→ **Input data**
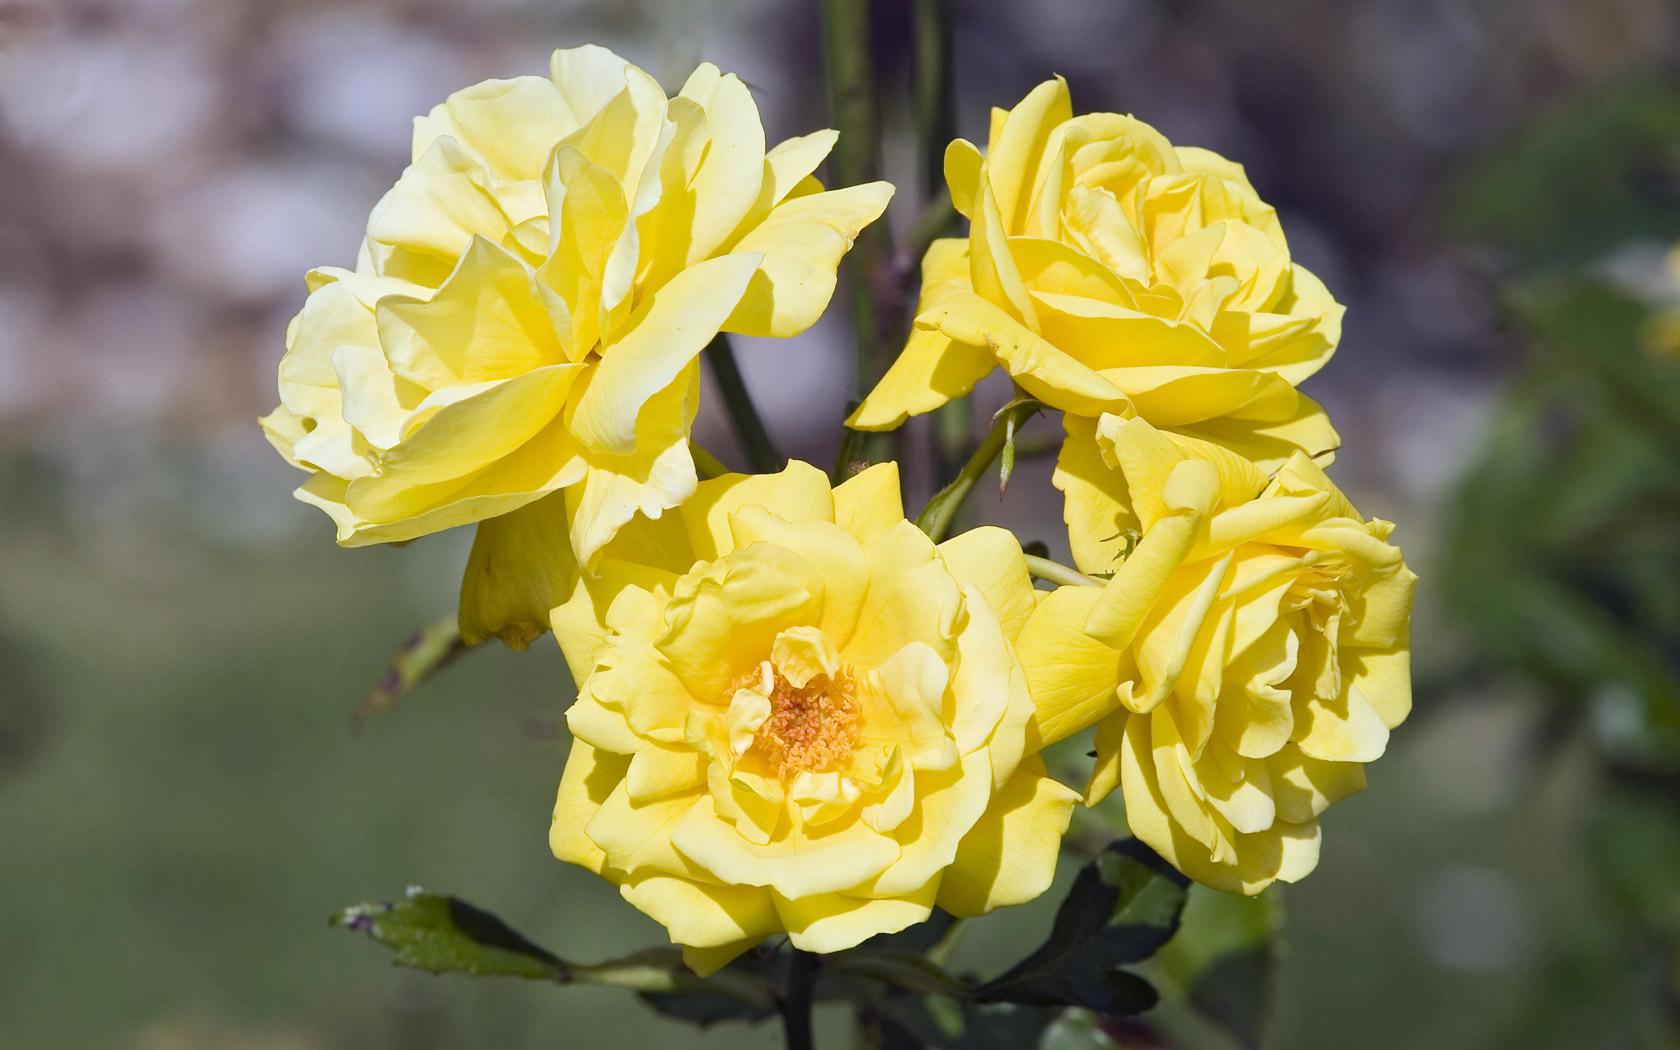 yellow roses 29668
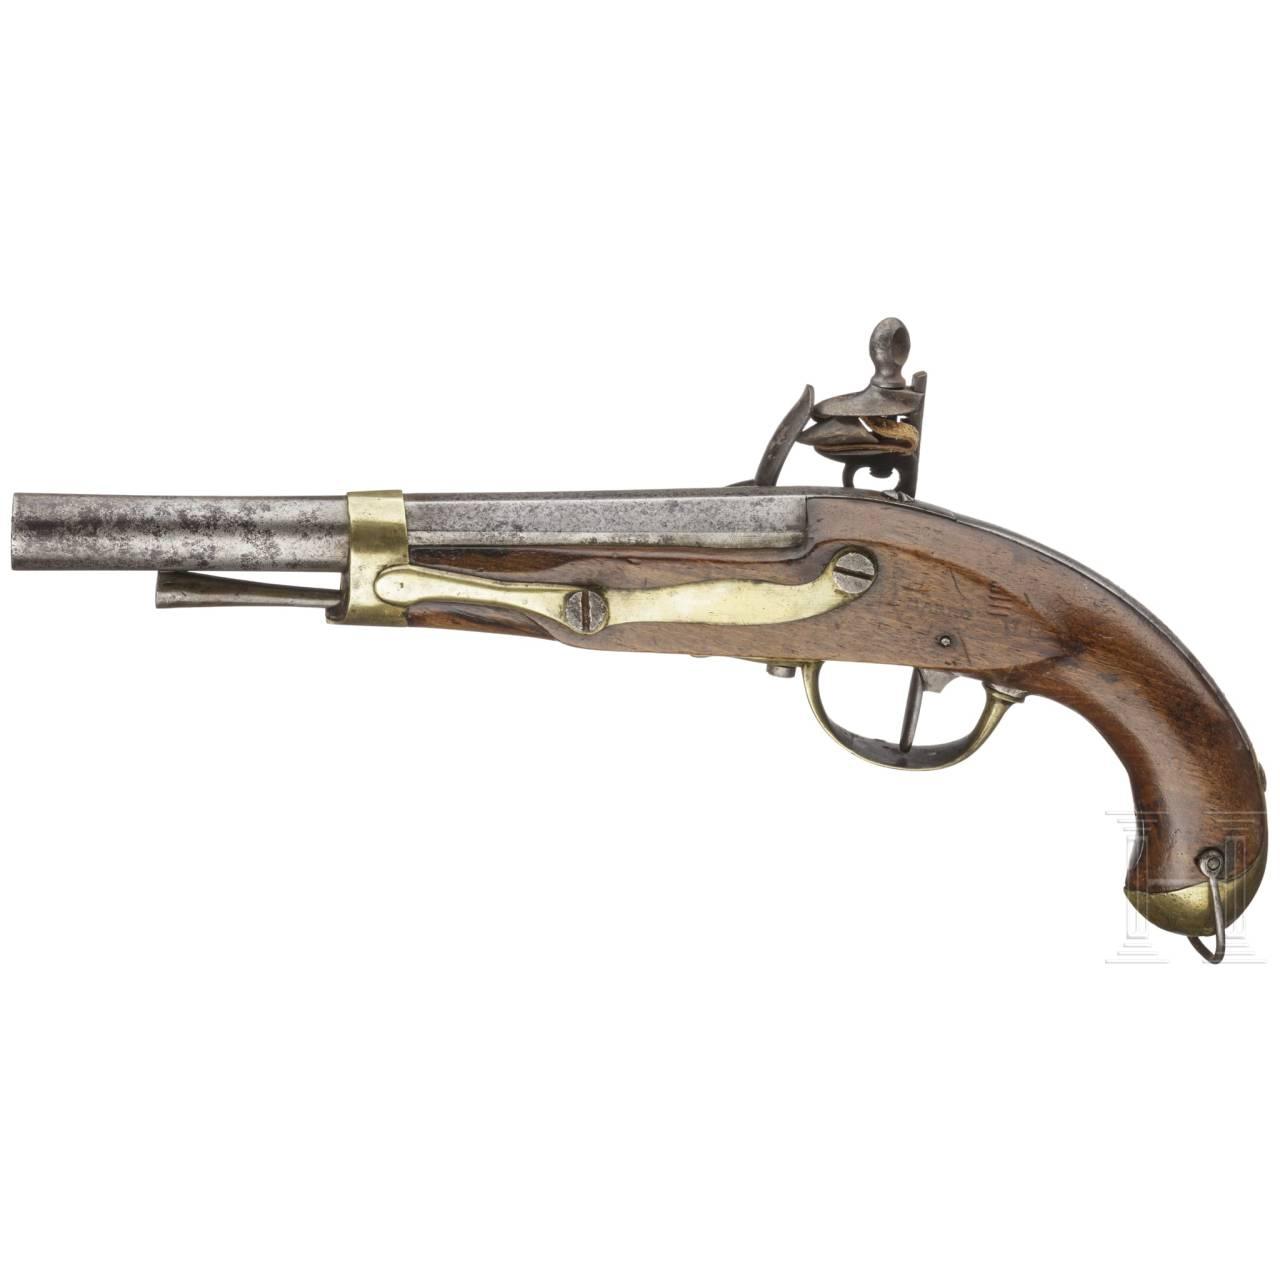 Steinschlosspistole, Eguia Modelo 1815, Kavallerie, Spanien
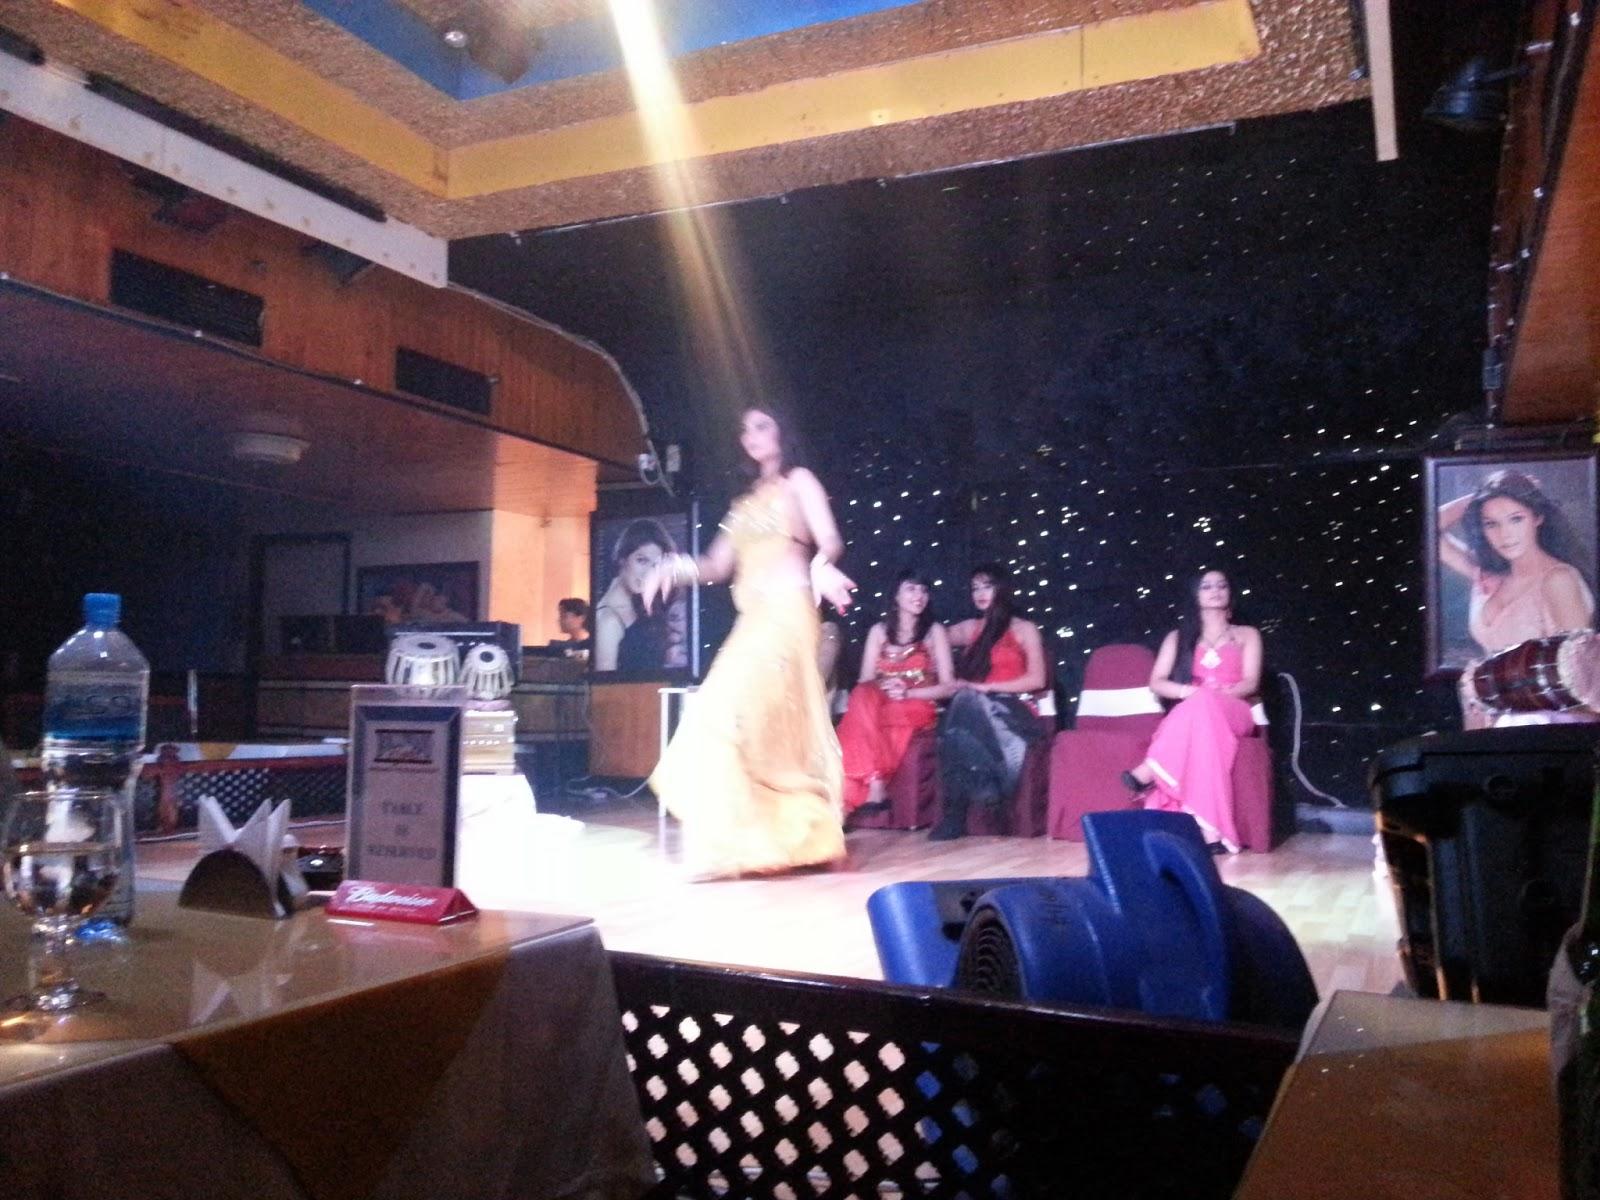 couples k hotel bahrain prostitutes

→ **Task goal**
Leave out the pictures and give the listing above again exactly.

→ **Exercise result**
 yellow roses 29668
 Steinschlosspistole, Eguia Modelo 1815, Kavallerie, Spanien
 couples k hotel bahrain prostitutes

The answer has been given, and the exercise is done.